_WHAT YOU ARE ASKED TO DO_
What is needed is an exact reproduction of the lines in the records below, starting at the line with "Handtücher Selection Uni" and ending at the line with "Jalapeno orange relish", both included, and nothing else; pictures stay out.

_RECORDS FOR THE TASK_
- - -
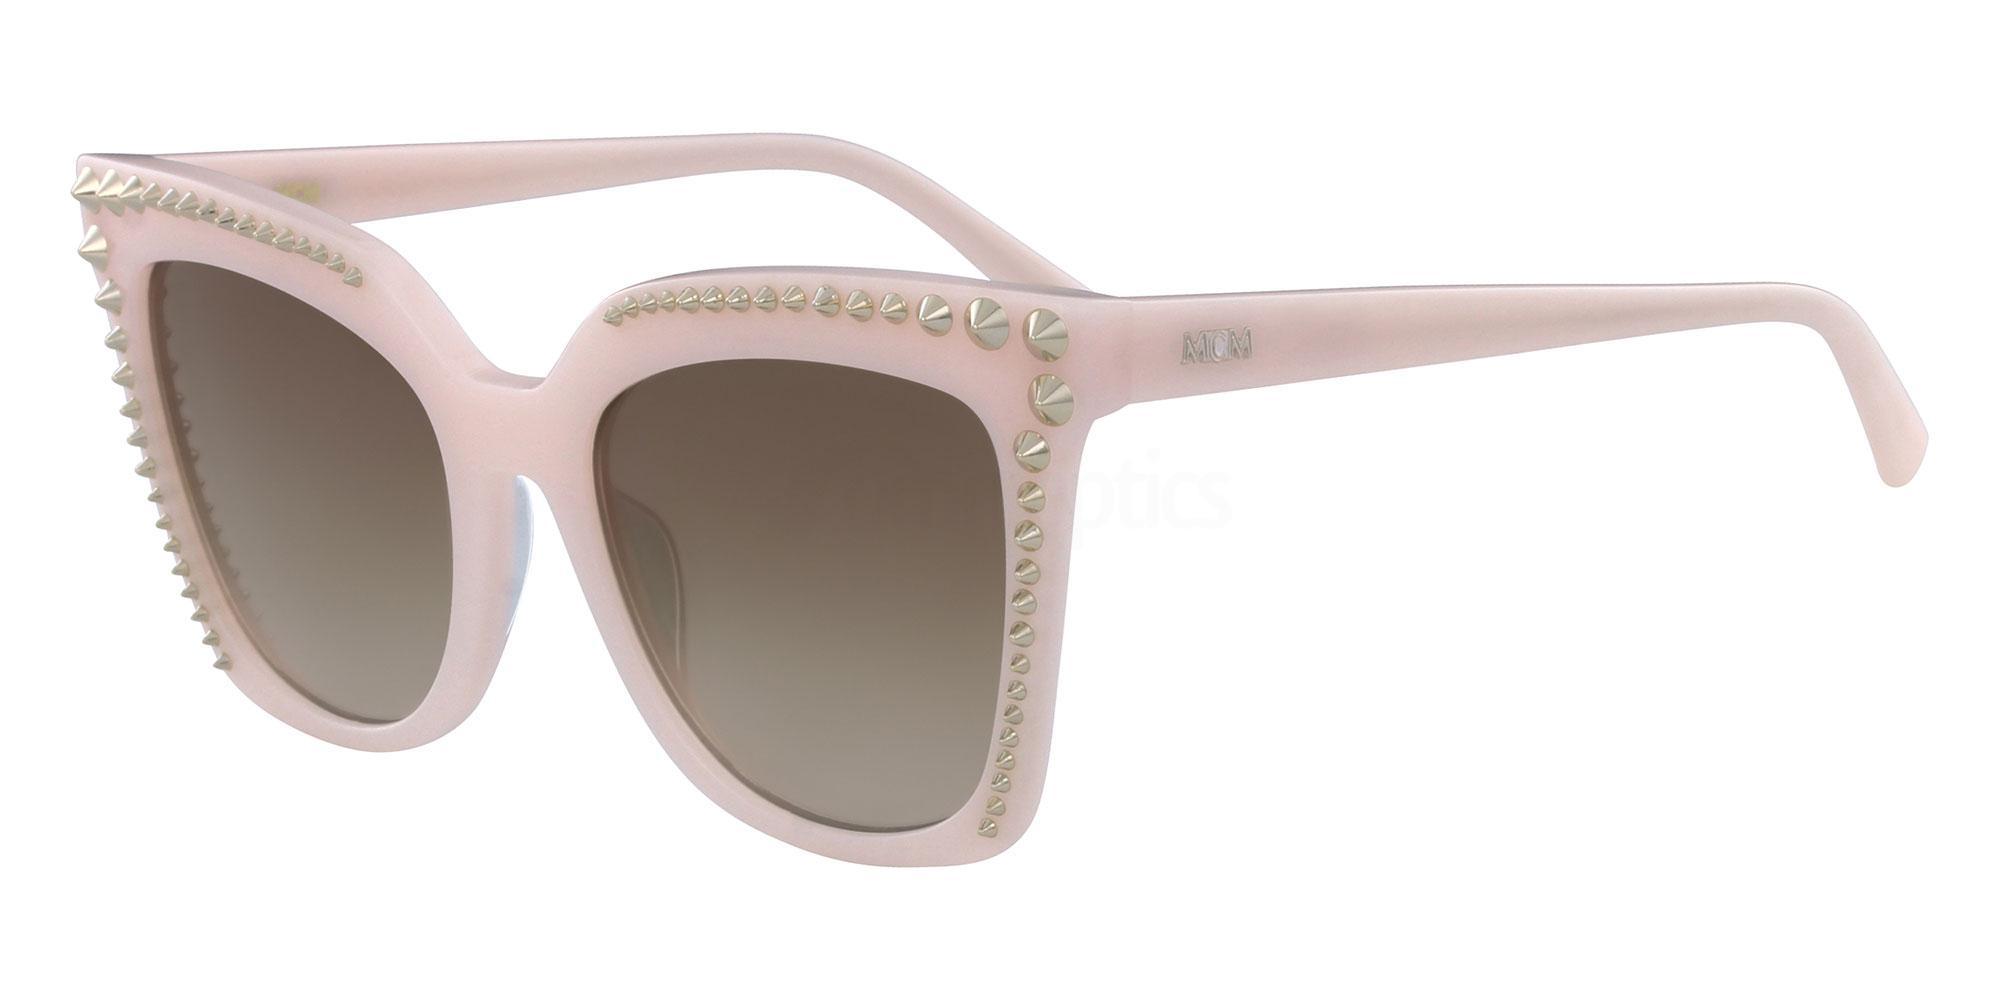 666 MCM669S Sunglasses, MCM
- - -
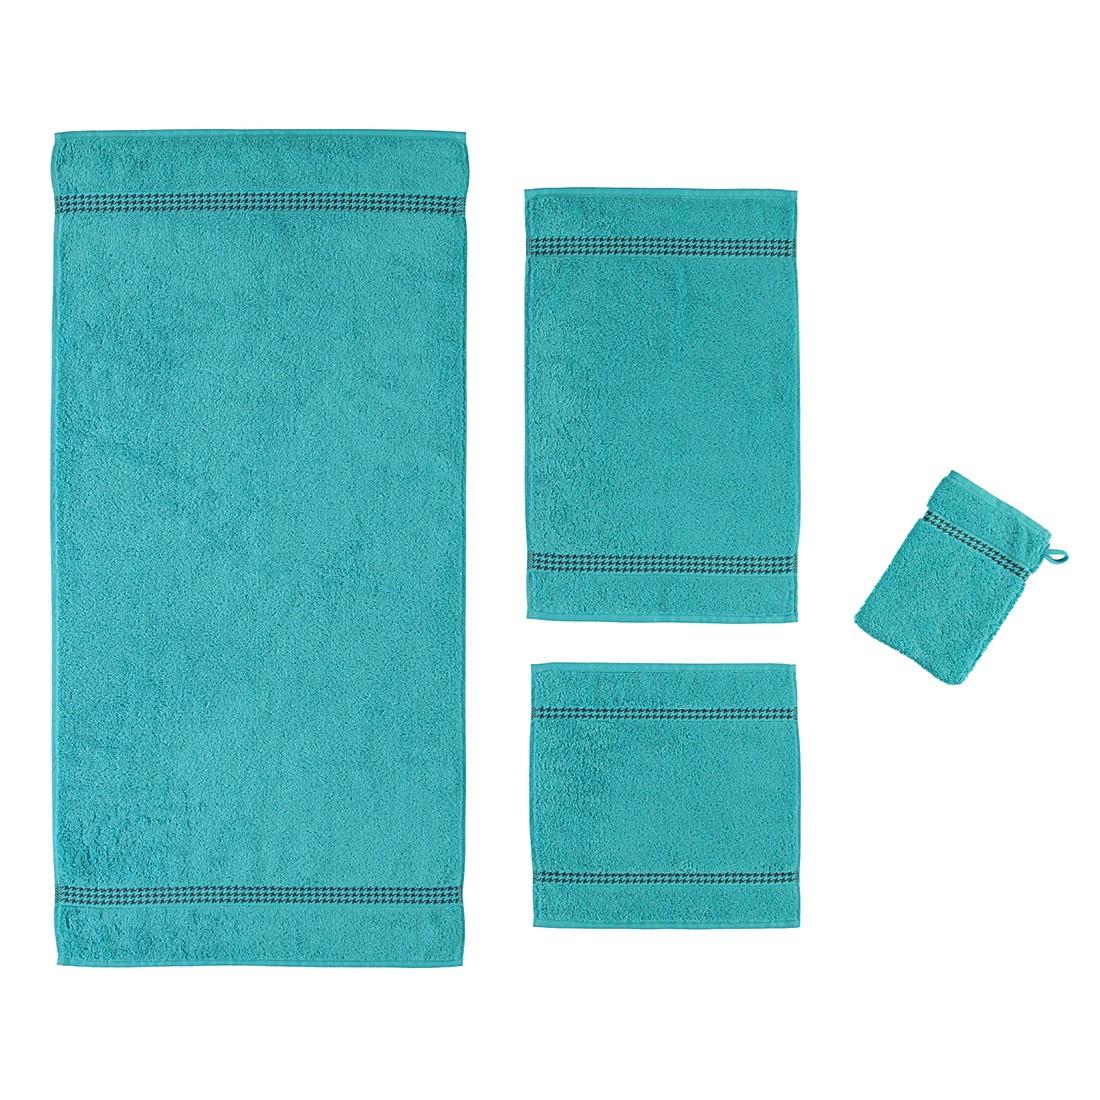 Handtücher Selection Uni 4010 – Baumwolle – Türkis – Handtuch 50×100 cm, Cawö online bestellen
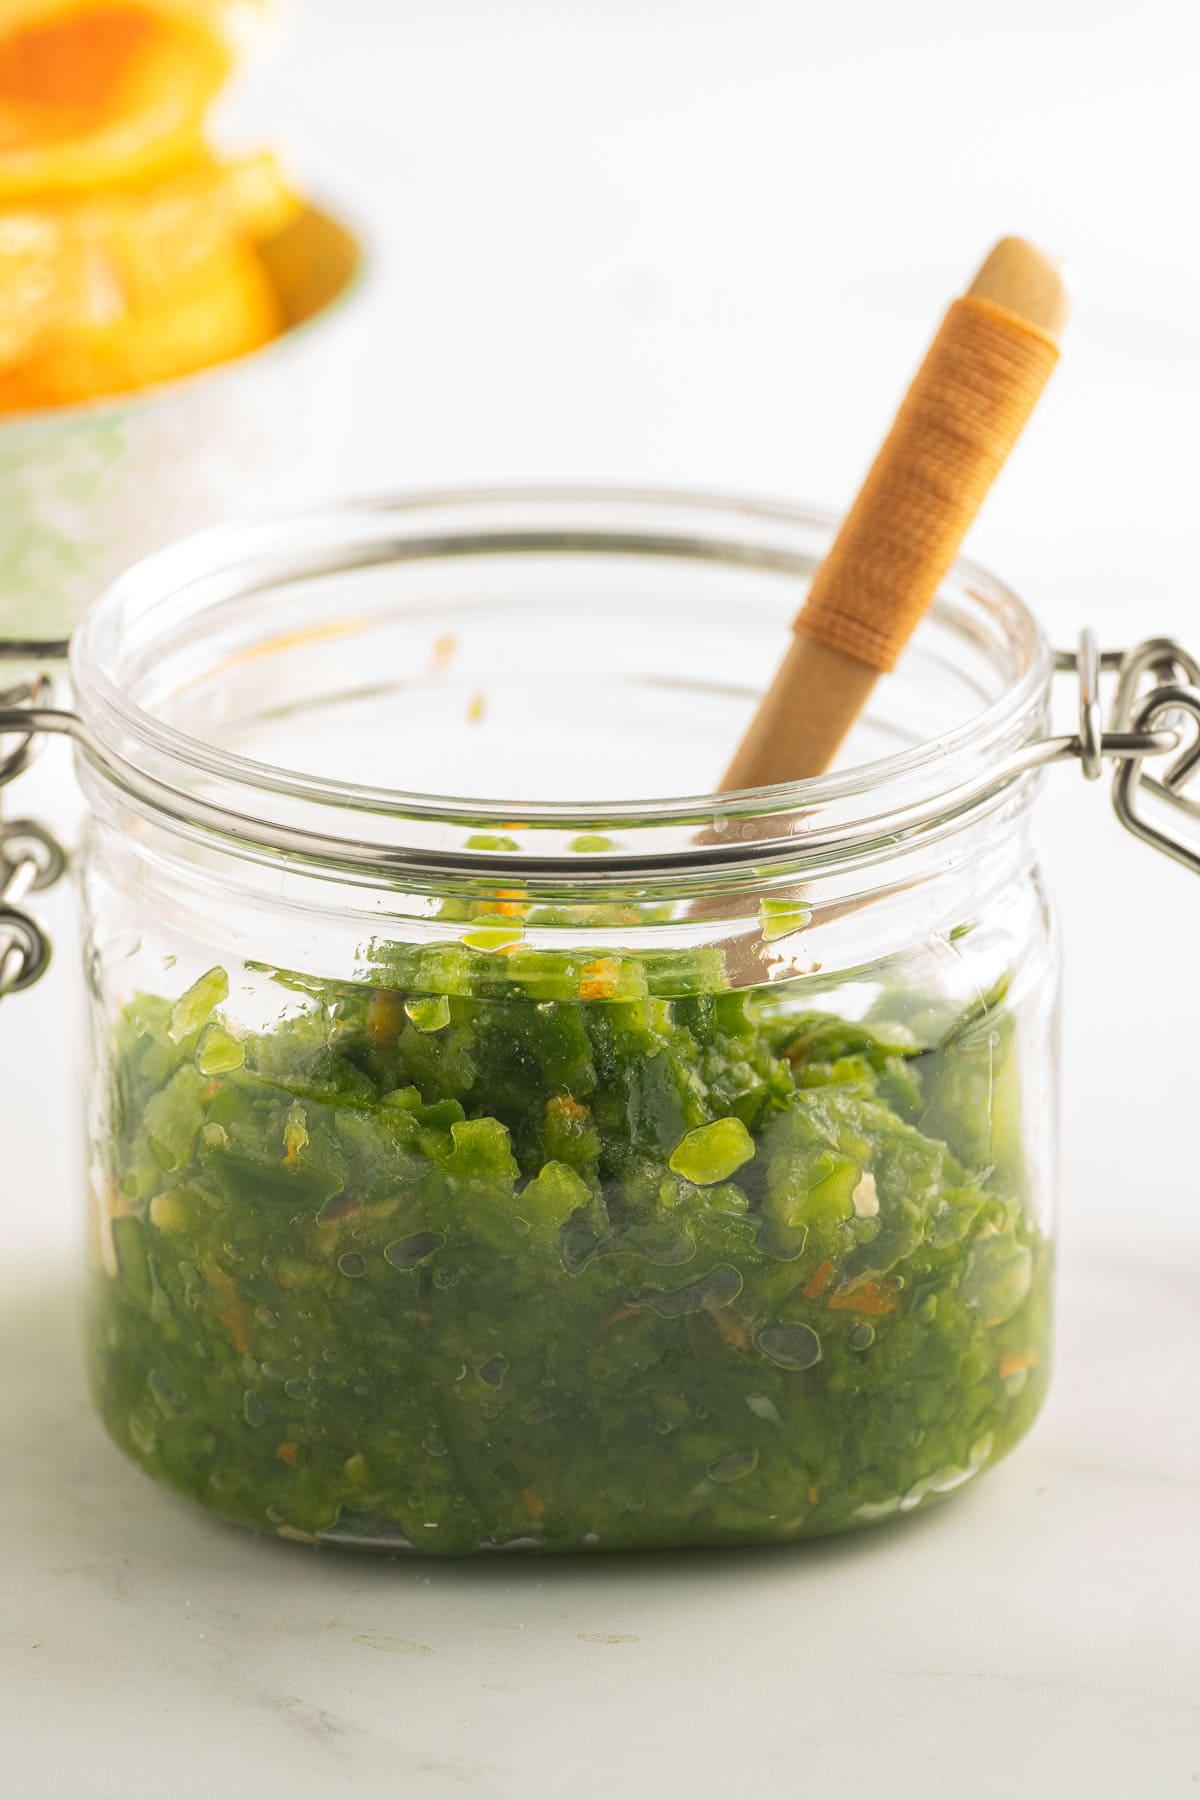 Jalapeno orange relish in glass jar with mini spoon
- - -
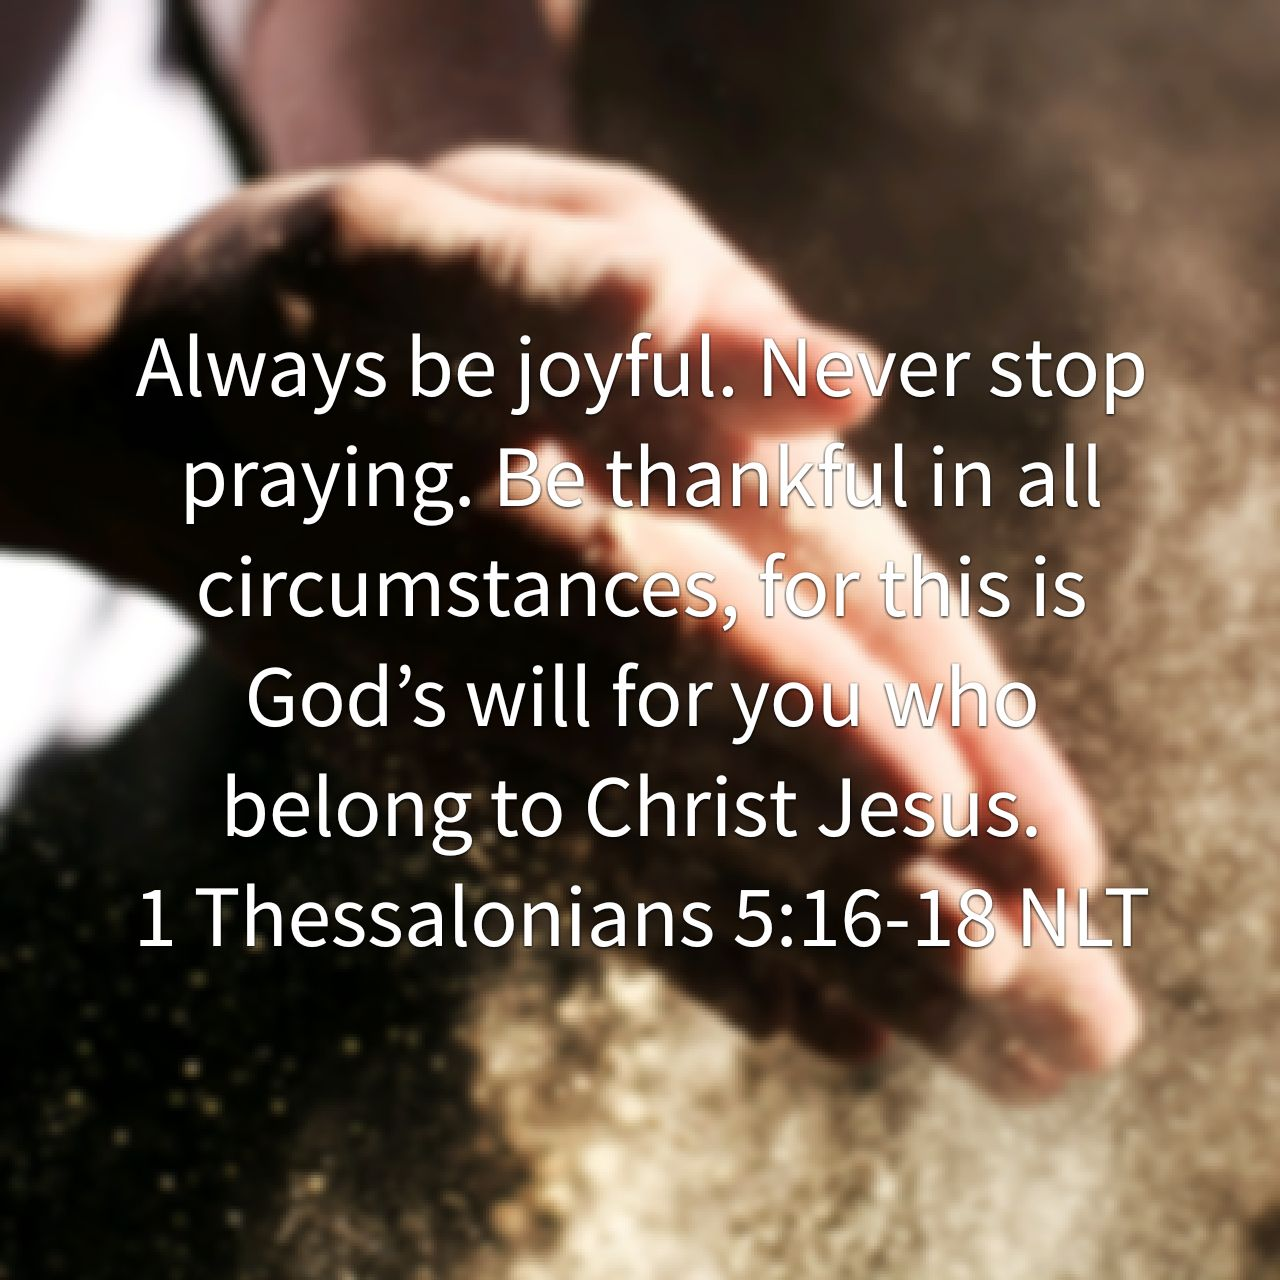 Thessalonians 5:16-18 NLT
- - -
_TASK RESULT_
 Handtücher Selection Uni 4010 – Baumwolle – Türkis – Handtuch 50×100 cm, Cawö online bestellen
 Jalapeno orange relish in glass jar with mini spoon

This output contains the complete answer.